The hypernetwork gets absorbed
The hypernetwork doesn't need to stay external.
Stage 1 (past): Manual fine-tuning. A human decides what to train on. An engineer runs gradient descent offline. The model is a passive recipient.
Stage 2 (present): Learned injection. Doc-to-LoRA. A hypernetwork learns how to inject context into weights. Fast and automatic, but the what-to-inject decision is still external, and the hypernetwork is a separate module.
Stage 3 (future): Self-directed learning. Irie et al. (ICML 2022) demonstrated self-referential weight matrices that modify themselves at runtime. Toy-scale so far, but the theoretical machinery exists. If the hypernetwork is absorbed into the model's forward pass, the model becomes self-aware (self-referential, to be precise): the injection mechanism lives inside the same parameters it modifies. The model knows what it knows, can evaluate what's worth learning, and can update itself.
The whole system collapses into one loop. The knowledge-aware injection mechanism, the RL retention policy, the active information-seeking behaviour, all unified in a single self-directed learner.
State: the model's current weights plus information in context. Action: what to consolidate, which layers, what rank. Reward: future task performance. The temporal credit assignment is hard. The reward for remembering something today might not arrive for weeks. But this is exactly what RL is built for, and the reward signal is clean: downstream accuracy improves, or it doesn't.
What this gets us
If this works, personalisation becomes real, not prepended preferences but knowledge woven into parameters. Knowledge stays current without retraining. Context windows become working memory, not the whole story.

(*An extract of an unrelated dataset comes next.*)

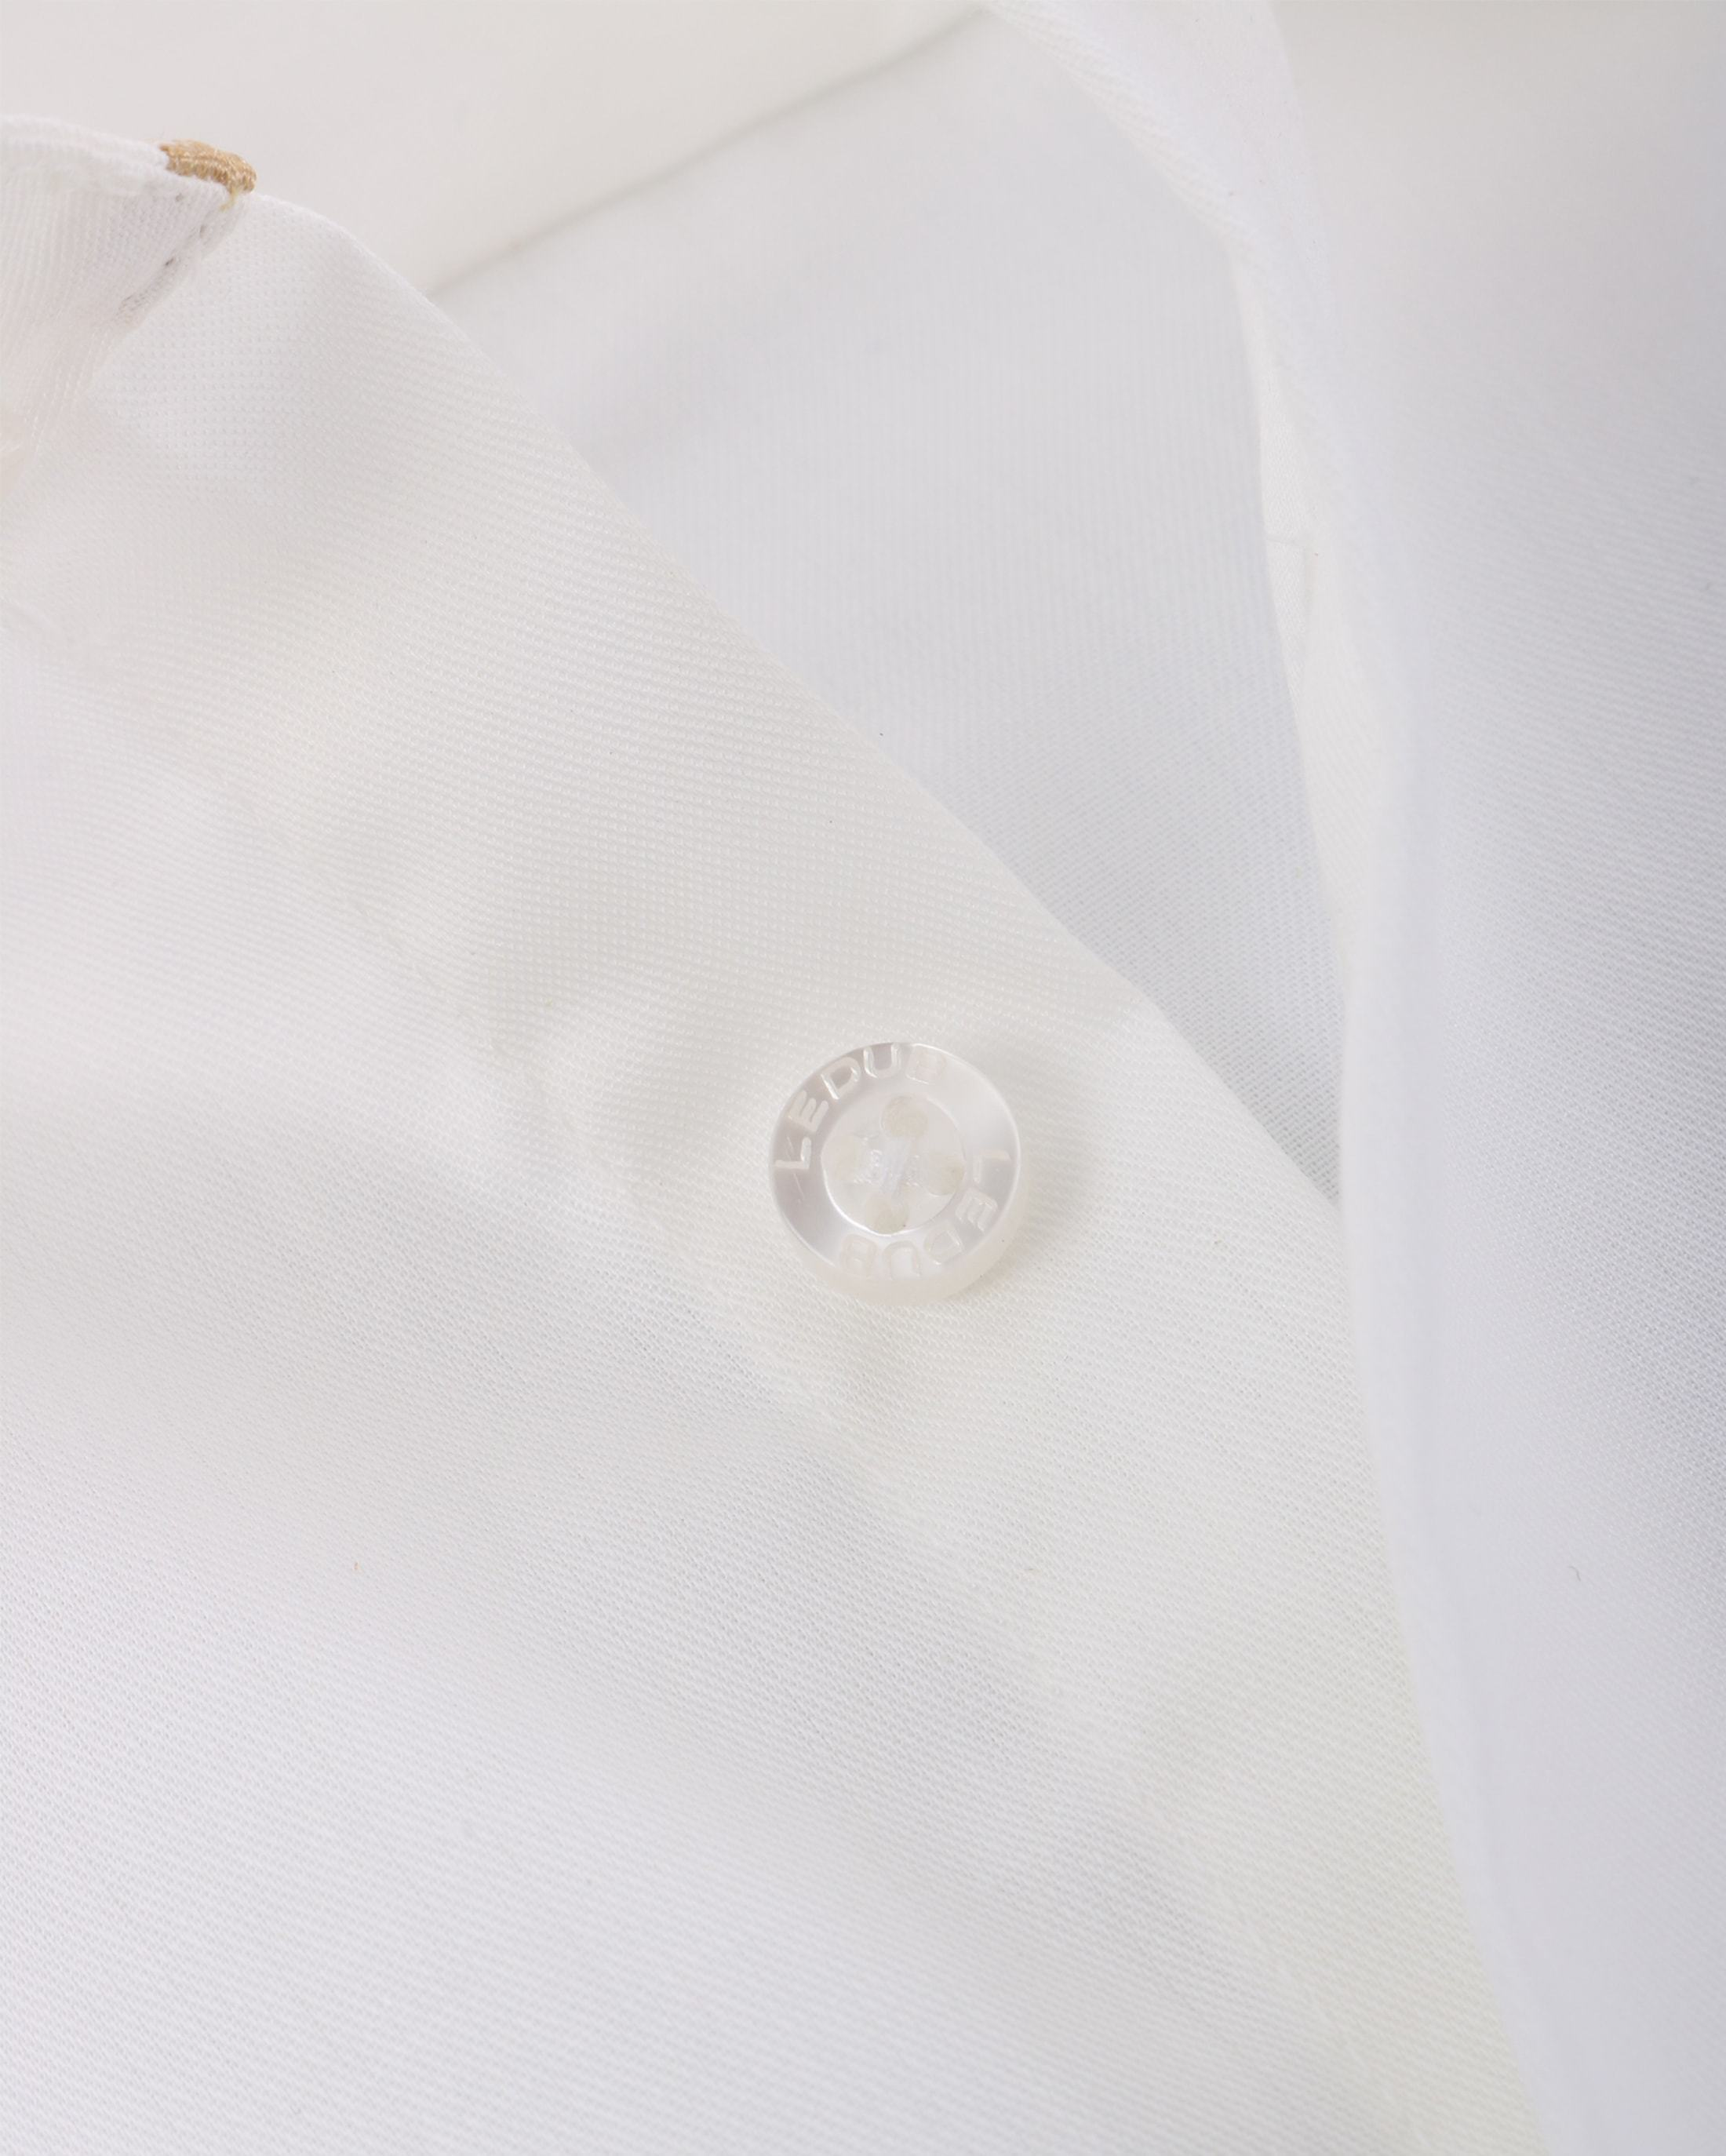 Ledub Hochzeit Hemd Bügelfrei Ecru foto 3
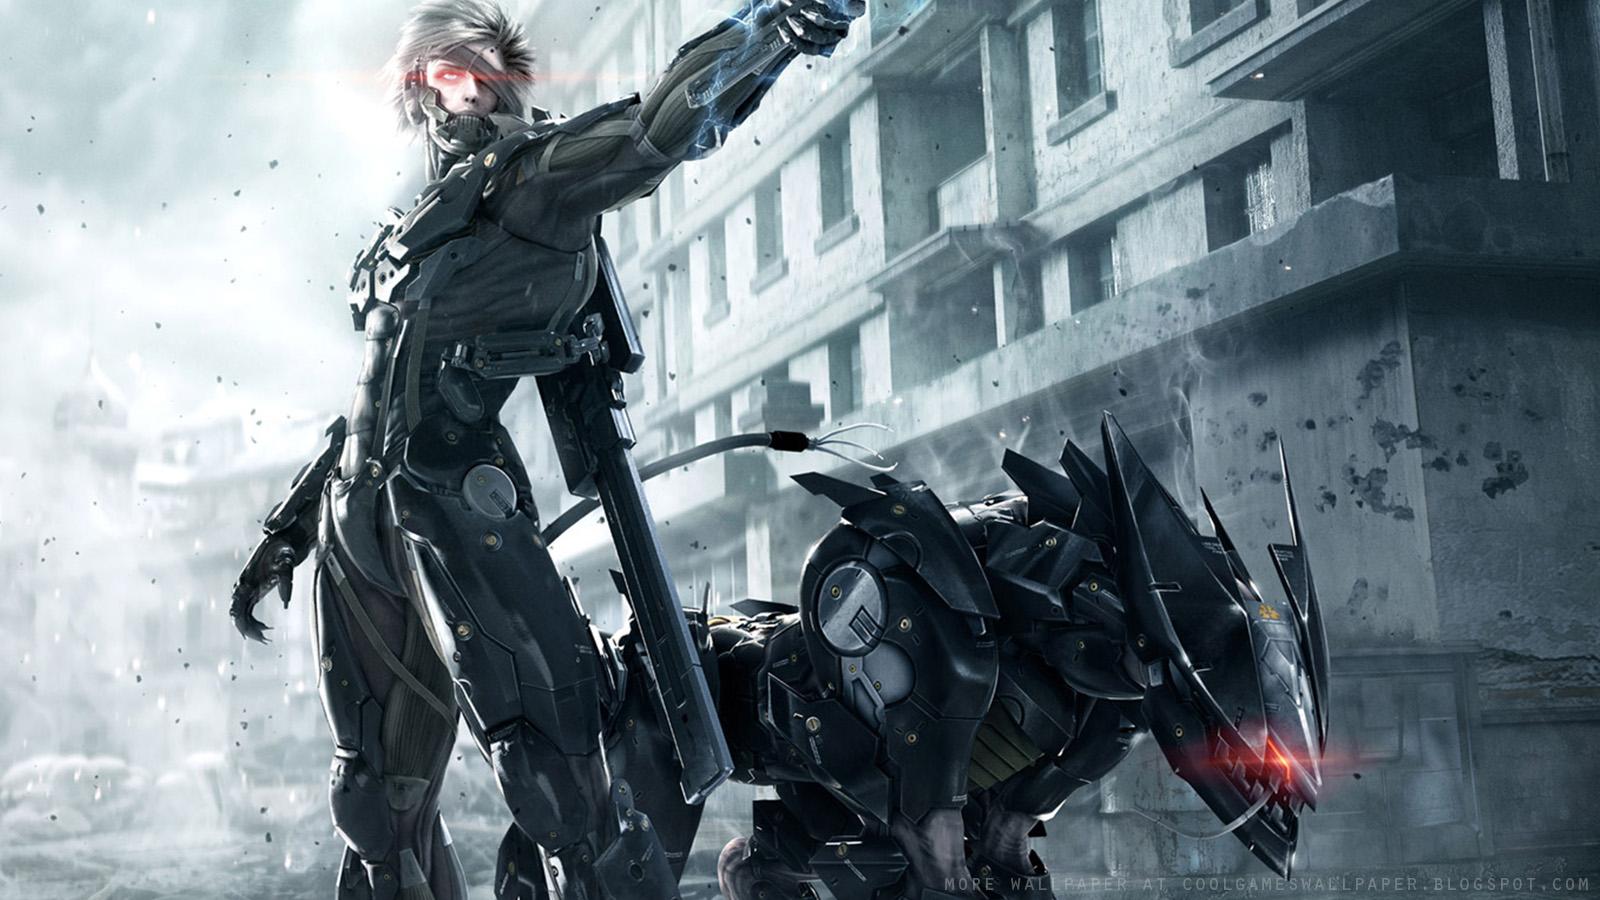 metal gear rising: revengeance wallpapers - cool games wallpaper

But the most interesting consequence is specialisation without infrastructure. Today, improving a model in a domain means building verifiers, curating tasks, defining reward functions, and running a training job. This works for math (ground-truth answers) and code (test suites). It completely fails for long-tail expertise: the conventions of a specific codebase, the nuances of a specific industry, how a specific user thinks. You cannot build an RL environment for everything, so those things never make it into weights. A model that learns from deployment doesn't need that infrastructure. Failures become training signal. Successful strategies consolidate into weights. The RL environment emerges from the model's interaction with the world.
The open problems are real. Sequential interference dominates: the guarantee that a thousand updates compose without degradation (Section 6). Temporal credit assignment in the RL loop is hard, the reward for remembering something today might not materialise for weeks. Weight-space memories are opaque, unlike token-space memories which are human-readable. And the compute cost of online weight updates during serving is nontrivial.
But unlike six years ago, we can point at each component and say: this piece works. ICL as a learning mechanism, proven. Learned injection, proven. Safe modulation directions evidenced by ICL's non-interference. Learnable retention policies, proven. Self-modifying networks, proven at small scale. The assembly is the engineering challenge. History suggests it won't stay unsolved for long: attention, LoRA, RLHF, each went from paper to production in under three years.
GPT-3's title was six years early. The few-shot learners are coming. They just need to learn what's worth remembering.